Right. Multiplexers are nothing new, and I'm not a huge fan of them.
From an API design perspective, having a bunch of different system
calls is probably best.

(I do wonder what happens to system call cache behavior once the
top-level system call table becomes huge though.)

>> That said, while I do want to fix process configuration and startup
>> generally, I want to fix specific holes in the existing API surface
>> first. The two patches I've already sent do that, and this work
>> shouldn't wait on an ideal larger process-API overhaul that may or may
>> not arrive. Based on previous history, I suspect that an API of the
>> scope you're proposing would take years to overcome all LKML
>> objections and land. I don't want to wait that long when we can make
>> smaller fixes that would not conflict with the general architecture.
>
> I believe this is precisely what Christian is trying to do with this
> patch (and you say as much later in your mail).
>
> I think that adding all of {sighand,sighand_exitcode,kill,...} would not
> help the path of landing a much larger API change. We should instead
> think about the API we want at the end of the day, and then land smaller
> changes which are long-term compatible (and won't just become deprecated
> APIs -- there's far too many of them, let's not add more needlessly).
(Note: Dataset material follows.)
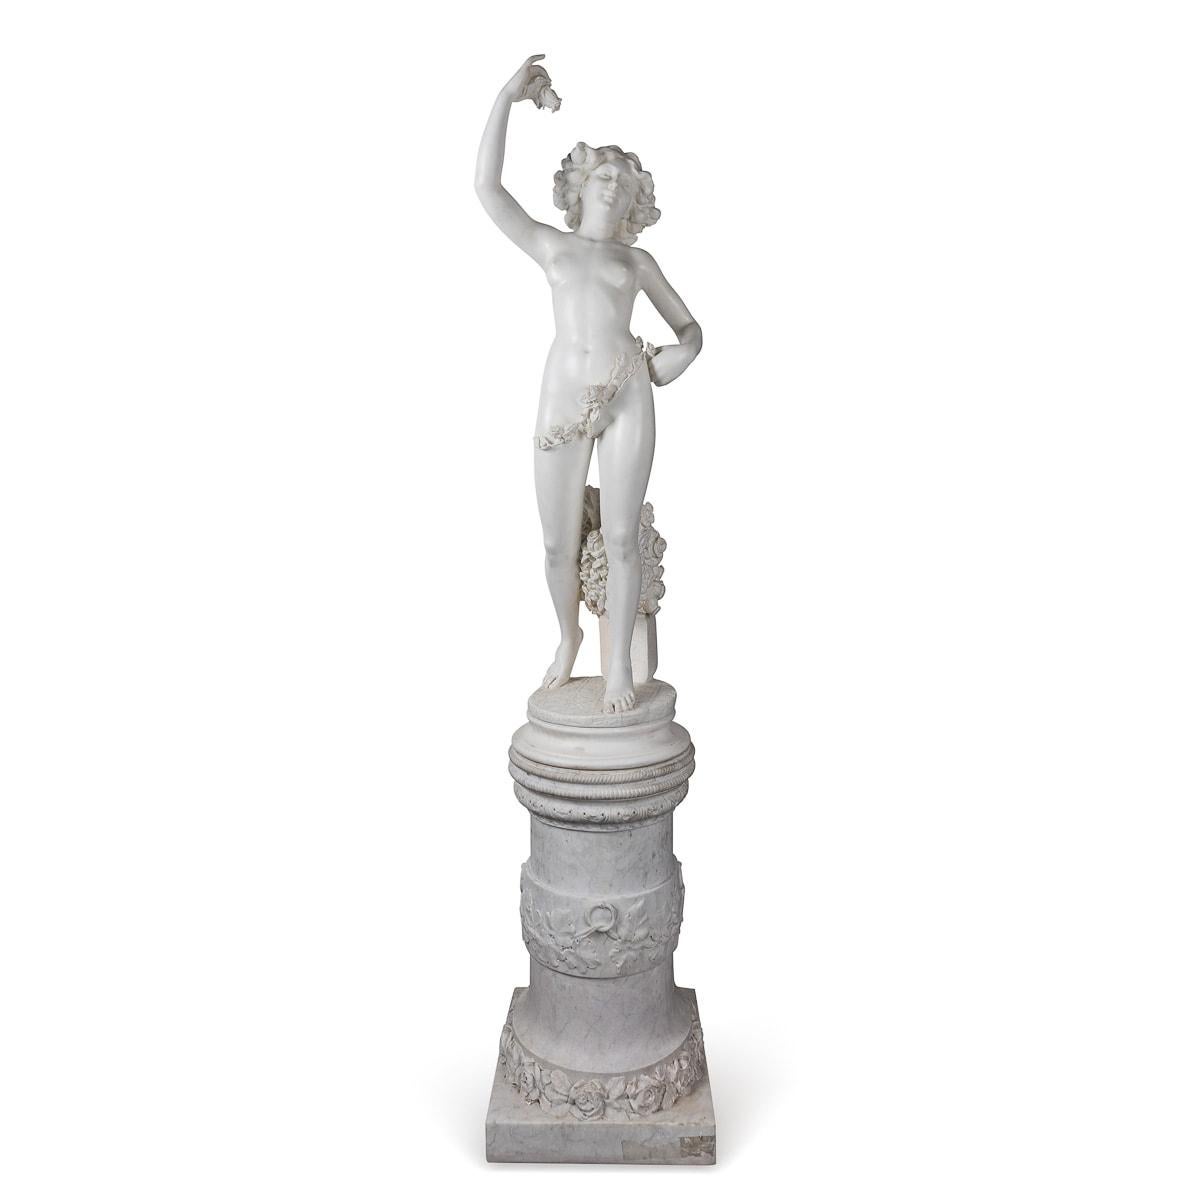 Crafted in the mid-19th century, this antique Italian marble sculpture portrays a graceful nude lady draped with flowers. Delicately holds up a small flower in one hand, while the other hand rests on her hip, below her feet a cornucopia of flowers,
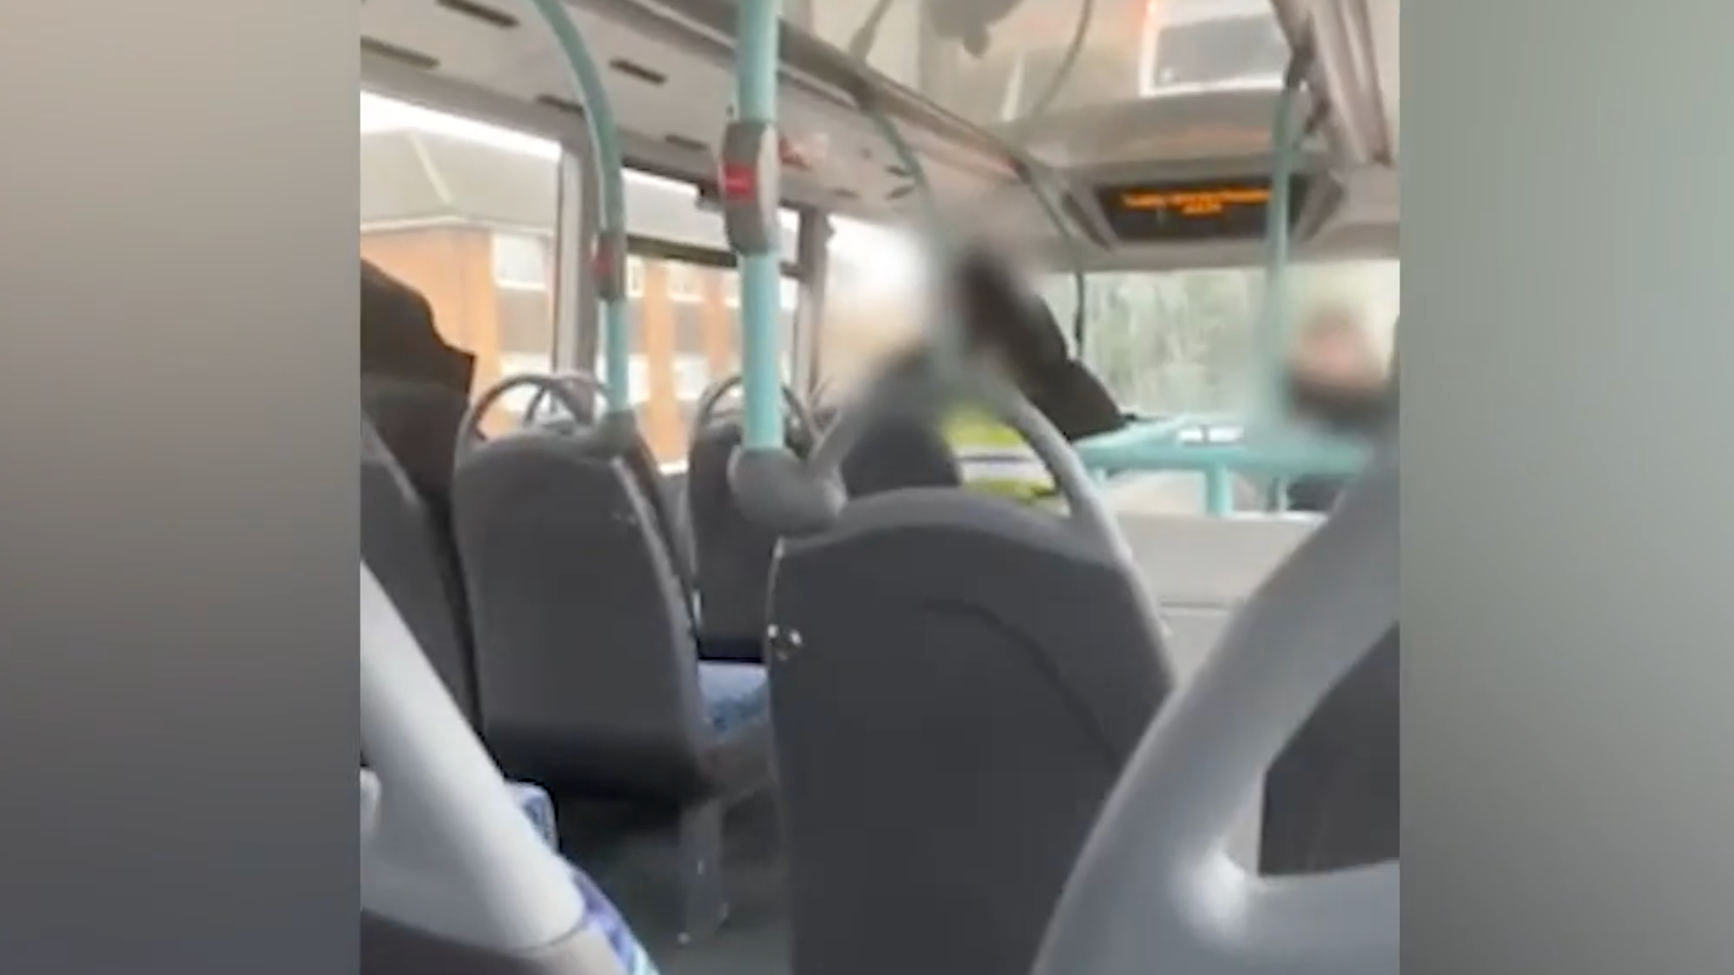 Forced Sex In Bus - Schoolgirl, 13, 'punched and kicked by woman' in terrifying West London bus  attack | ITV News London

I don't think we need to reach consensus on some long-term design to
address specific problems that we know today. The changes we're
talking about here *are* long-term compatible with a bigger process
API overhaul. They may or may not be *part* of that solution, but I
don't see them making that solution harder either. And the proposals
so far all seem to go in the right direction.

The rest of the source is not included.